4440 Brittmoore Road
Houston, Texas 77041
(713) 335-7000
(Name, address, including zip code, and telephone number,
including area code, of agent for service)
Copies to:
Eric A. Blumrosen
Gardere Wynne Sewell LLP
1000 Louisiana, Suite 3400
Houston, Texas 77002
(713) 276-5500
CALCULATION OF REGISTRATION FEE
Title of Securities to be Registered | Amount to be Registered |
Proposed Maximum Offering Price Per Share(1) |
Proposed Maximum Aggregate Offering Price(1) |
Amount of Registration Fee |
|||||
Common Stock, par value $.01 per share to be issued under the Incentive Stock Option Plan | 2,000,000 shares | $18.83 | $37,660,000 | $3,465 | |||||
Common Stock, par value $.01 per share to be issued under the 401(k) Retirement and Savings Plan(2) | 400,000 shares | $18.83 | $7,532,000 | $693 | |||||
Common Stock, par value $.01 per share to be issued under the Employees' Supplemental Savings Plan | 20,000 shares | $18.83 | $376,600 | $35 | |||||
TOTAL | 2,420,000 shares | $45,568,600 | $4,193 | ||||||
Shares of our common stock for issuance pursuant to the Universal Compression Holdings, Inc. Incentive Stock Option Plan have been previously registered under Registration Statements on Form S-8 (Registration No. 333-37648 and Registration No. 333-55260). The number of shares of common stock being carried forward is 3,012,421, and the filing fees associated with such shares that were previously paid with the earlier Registration Statements were $11,613 with Registration No. 333-37648 and $9,295 with Registration No. 333-55260.
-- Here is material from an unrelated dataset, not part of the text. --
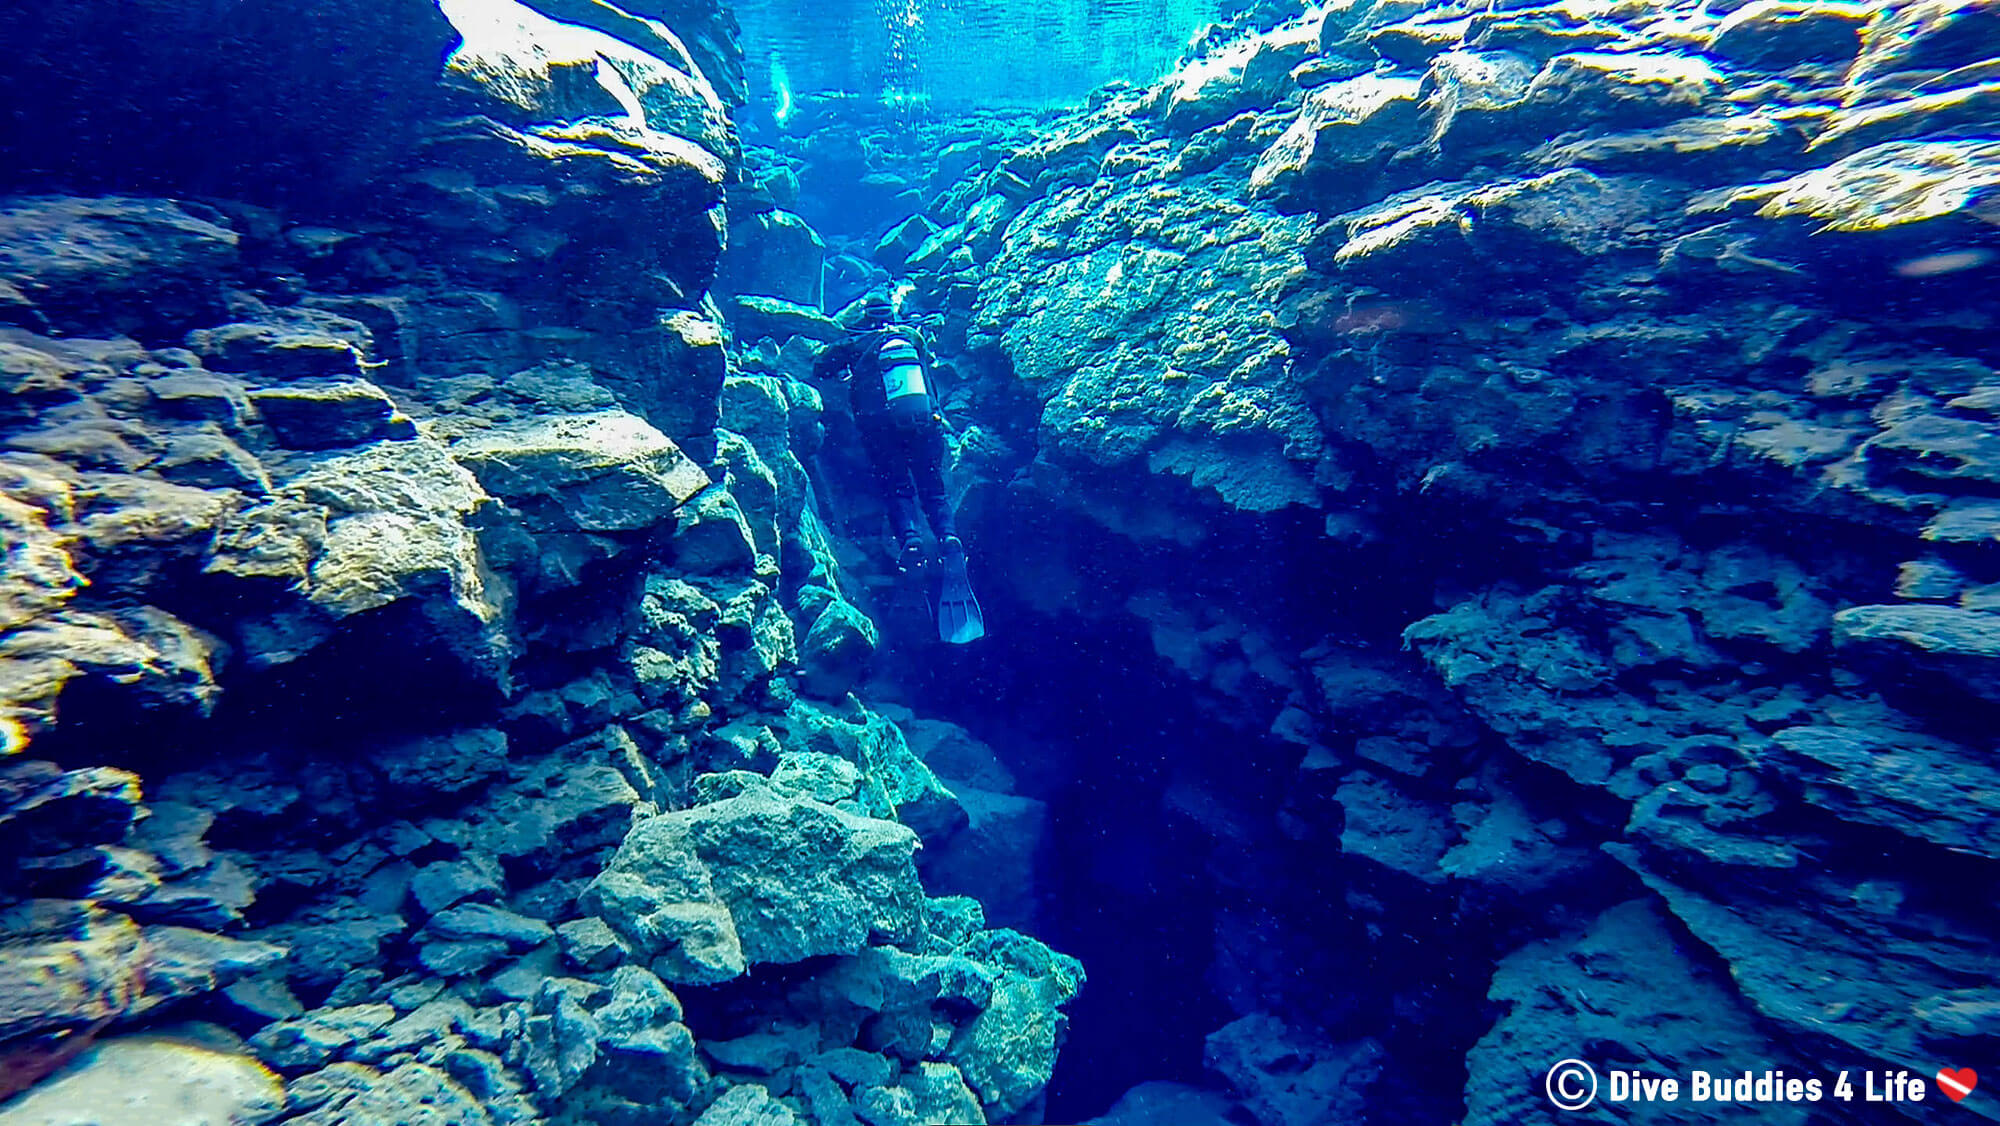 Scuba Diver Between The Rocks Of The Silfra Fissure In Iceland, Europe

Shares of our common stock for issuance pursuant to the Universal Compression, Inc. 401(k) Retirement and Savings Plan have been previously registered under a Registration Statement on Form S-8 (Registration No. 333-69504). The number of shares of common stock being carried forward is 100,000, and the filing fee associated with such shares that was previously paid with the earlier Registration Statement was $642.
Universal Compression Holdings, Inc. Incentive Stock Option Plan
On July 16, 2002, our Board of Directors adopted, subject to stockholder approval, an amendment to the Universal Compression Holdings, Inc. Incentive Stock Option Plan to increase from 3,012,421 to 5,012,421 the aggregate number of shares of our common stock reserved for issuance under the plan. The amendment to the plan was approved by our stockholders at the annual meeting of stockholders held on August 15, 2002.
The contents of our Registration Statements on Form S-8 (Registration No. 333-37648 and Registration No. 333-55260) filed with the Securities and Exchange Commission on May 23, 2000 and February 9, 2001, respectively, each relating to the plan, including the documents incorporated by reference therein, are incorporated by reference into this Registration Statement.
Universal Compression, Inc. 401(k) Retirement and Savings Plan
On July 16, 2002, our Board of Directors approved an increase from 100,000 to 500,000 the aggregate number of shares of our common stock reserved for issuance under the Universal Compression, Inc. 401(k) Retirement and Savings Plan.
The contents of our Registration Statement on Form S-8 (Registration No. 333-69504) filed with the Securities and Exchange Commission on September 17, 2001, including the documents incorporated by reference therein, are incorporated by reference into this Registration Statement.
PART I
INFORMATION REQUIRED IN THE SECTION 10(a) PROSPECTUS
Item 1. Plan Information.*
Item 2. Registrant Information And Employee Plan Annual Information.*
PART II
INFORMATION REQUIRED IN THE REGISTRATION STATEMENT
This Registration Statement covers shares of our common stock that have been authorized for issuance pursuant to the Universal Compression Holdings, Inc. Incentive Stock Option Plan, Universal Compression, Inc. 401(k) Retirement and Savings Plan and Universal Compression, Inc. Employees' Supplemental Savings Plan.
Item 3. Incorporation of Documents by Reference.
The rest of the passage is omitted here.